Question

In Exercises$\mathbf{1}$through 18 , determine whether the vector$\overrightarrow{\mathbf{x}}$is in the span $\mathit{V}$ of the vectors ${\overrightarrow{\mathit{v}}}_{\mathit{1}}\mathit{,}{\overrightarrow{\mathit{v}}}_{\mathit{2}}\mathit{,}\mathit{\cdots }\mathit{,}{\overrightarrow{\mathit{v}}}_{\mathit{m}}$ (proceed “by inspection” if possible, and use the reduced row-echelon form if necessary).
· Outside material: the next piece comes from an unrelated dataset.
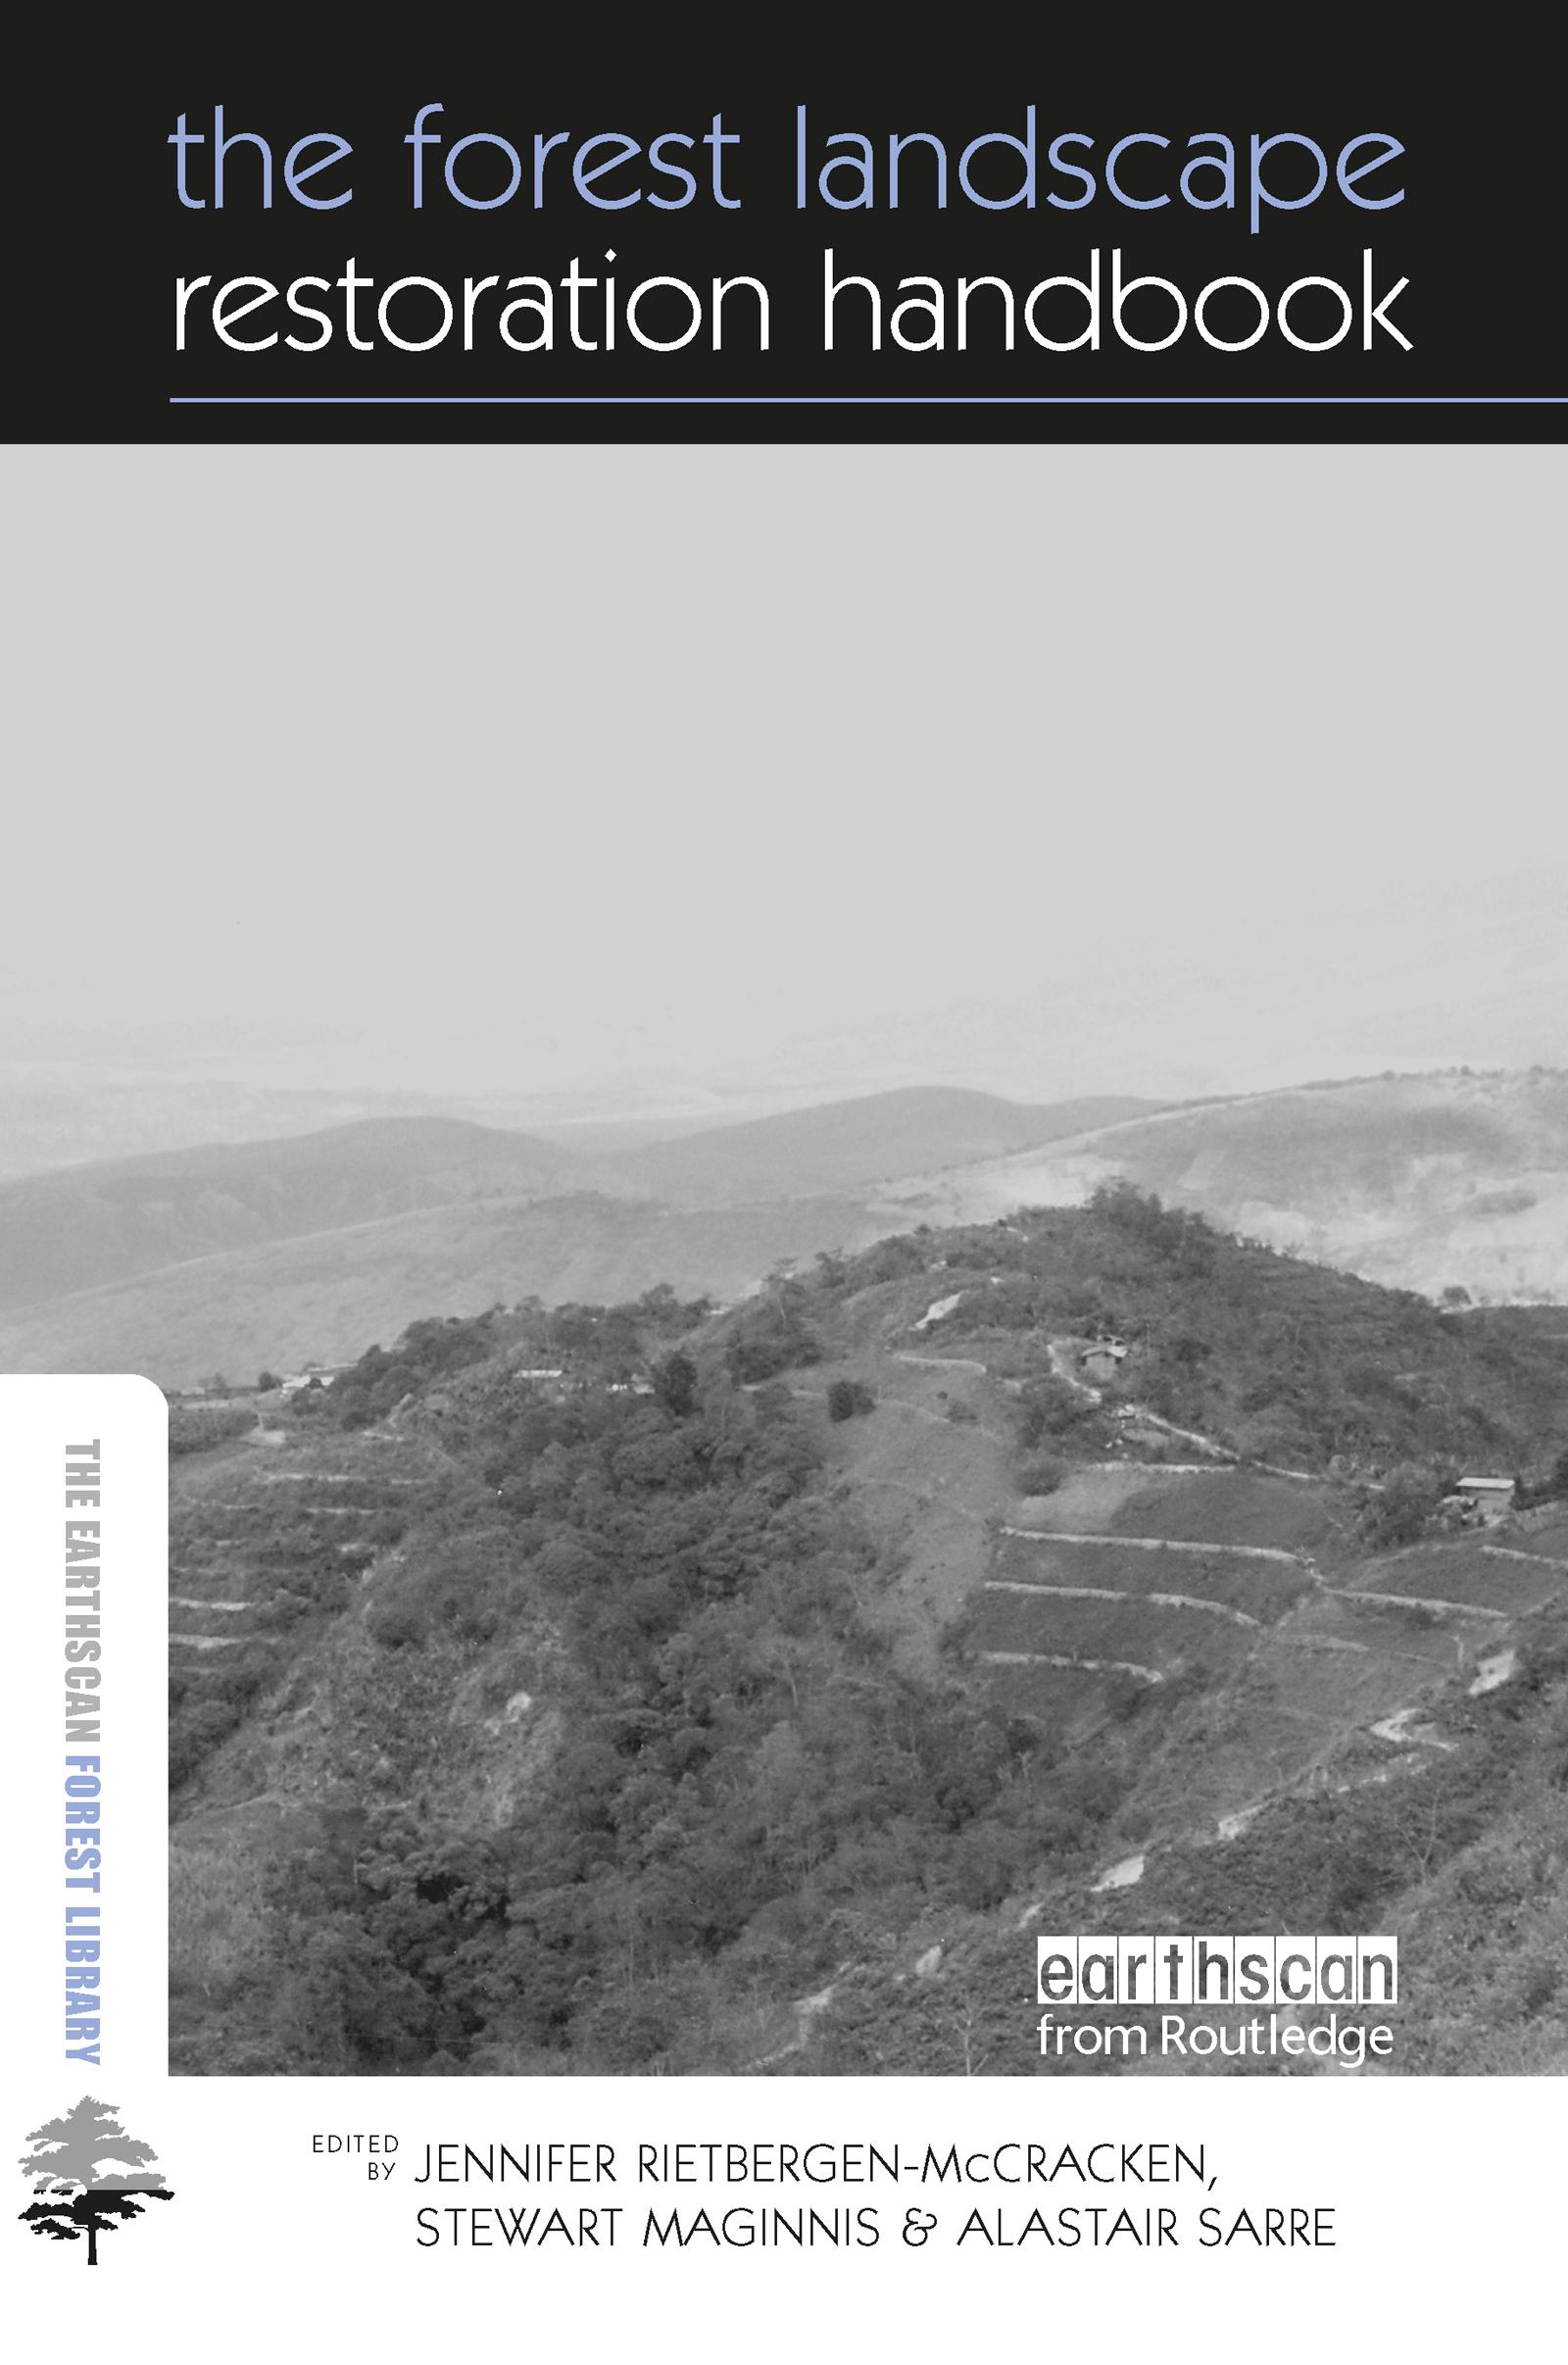 The Forest Landscape Restoration Handbook book cover
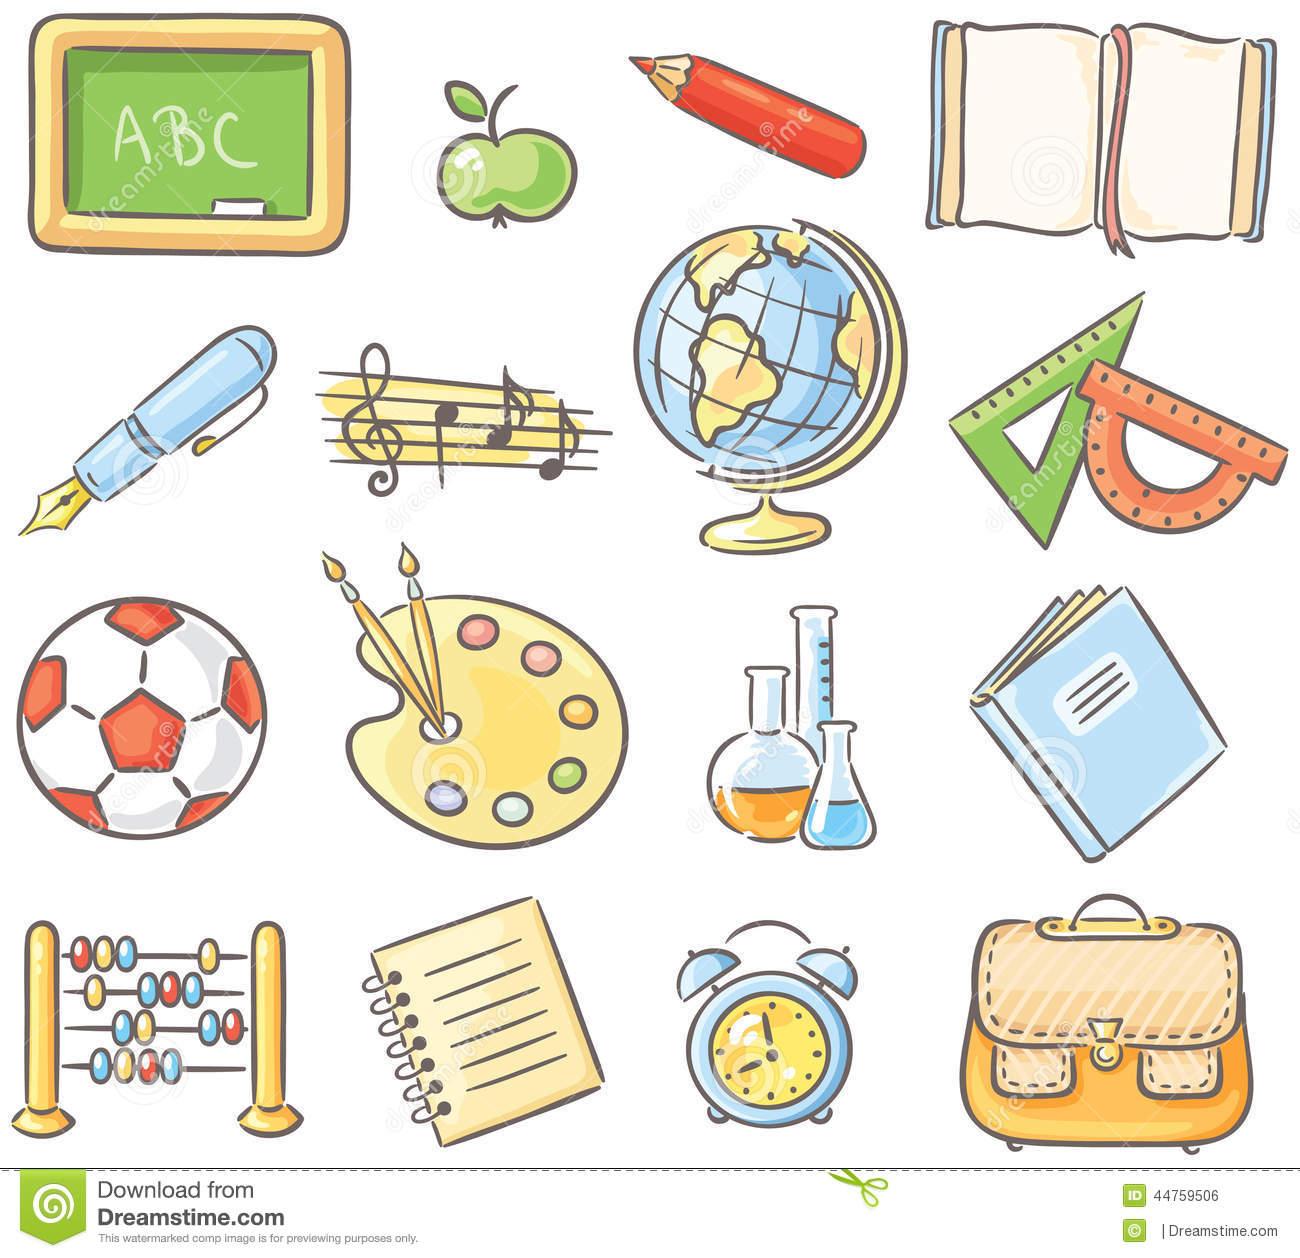 School Thing Stock Illustrations u2013 460 School Thing Stock Illustrations,  Vectors u0026 Clipart - Dreamstime

If$\overrightarrow{\mathit{x}}$is in $\mathit{V}$ , find the coordinates of $\overrightarrow{\mathit{x}}$ with respect to the basis$\mathfrak{I}\mathbf{=}{\overrightarrow{\mathbf{v}}}_{\mathbf{1}}\mathbf{,}\mathbf{\dots }\mathbf{,}{\overrightarrow{\mathbf{v}}}_{\mathbf{m}}$of $\mathit{V}$ , and write the coordinate vector $\left[\overrightarrow{x}\right]\mathfrak{I}$.

localid="1664356781673" $\overrightarrow{\mathbf{x}}\mathbf{=}\left[\begin{array}{c}2\\ 3\end{array}\right]\mathbf{,}{\overrightarrow{\mathbf{v}}}_{\mathbf{1}}\mathbf{=}\left[\begin{array}{c}1\\ 0\end{array}\right]\mathbf{,}{\overrightarrow{\mathbf{v}}}_{\mathbf{2}}\mathbf{=}\left[\begin{array}{c}0\\ 1\end{array}\right]$

Short answer

The coordinates of the vector is, ${\overrightarrow{x}}_{\mathfrak{I}}=\left[\begin{array}{c}2\\ 3\end{array}\right]$.

Step-by-step solution

Consider the vectors

The vectors are,

$\overrightarrow{x}=\left[\begin{array}{c}2\\ 3\end{array}\right];{\overrightarrow{v}}_1=\left[\begin{array}{c}1\\ 0\end{array}\right];{\overrightarrow{v}}_2\left[\begin{array}{c}0\\ 1\end{array}\right]$

Check for the coordinates of the vector

The formula is, $\overrightarrow{x}=c_1{\overrightarrow{v}}_1+c_2{\overrightarrow{v}}_2$.

$$\begin{gathered} \left[\begin{array}{c}2\\ 3\end{array}\right]=c_1\left[\begin{array}{c}1\\ 0\end{array}\right]+c_2\left[\begin{array}{c}0\\ 1\end{array}\right] \\ {c}_1+0c_2,0c_1+c_2=3 \\ {c}_1=2,c_2=3 \end{gathered}$$

Substitute these values in the formula.

$$\begin{gathered} \overrightarrow{x}=c_1{\overrightarrow{v}}_1+c_2{\overrightarrow{v}}_2 \\ \left[\begin{array}{c}2\\ 3\end{array}\right]=2\left[\begin{array}{c}1\\ 0\end{array}\right]+3\left[\begin{array}{c}0\\ 1\end{array}\right] \\ {\overrightarrow{x}}_{\mathfrak{I}}=\left[\begin{array}{c}2\\ 3\end{array}\right] \end{gathered}$$

Final answer

The coordinates of the vector is,${\overrightarrow{x}}_{\mathfrak{I}}=\left[\begin{array}{c}2\\ 3\end{array}\right]$.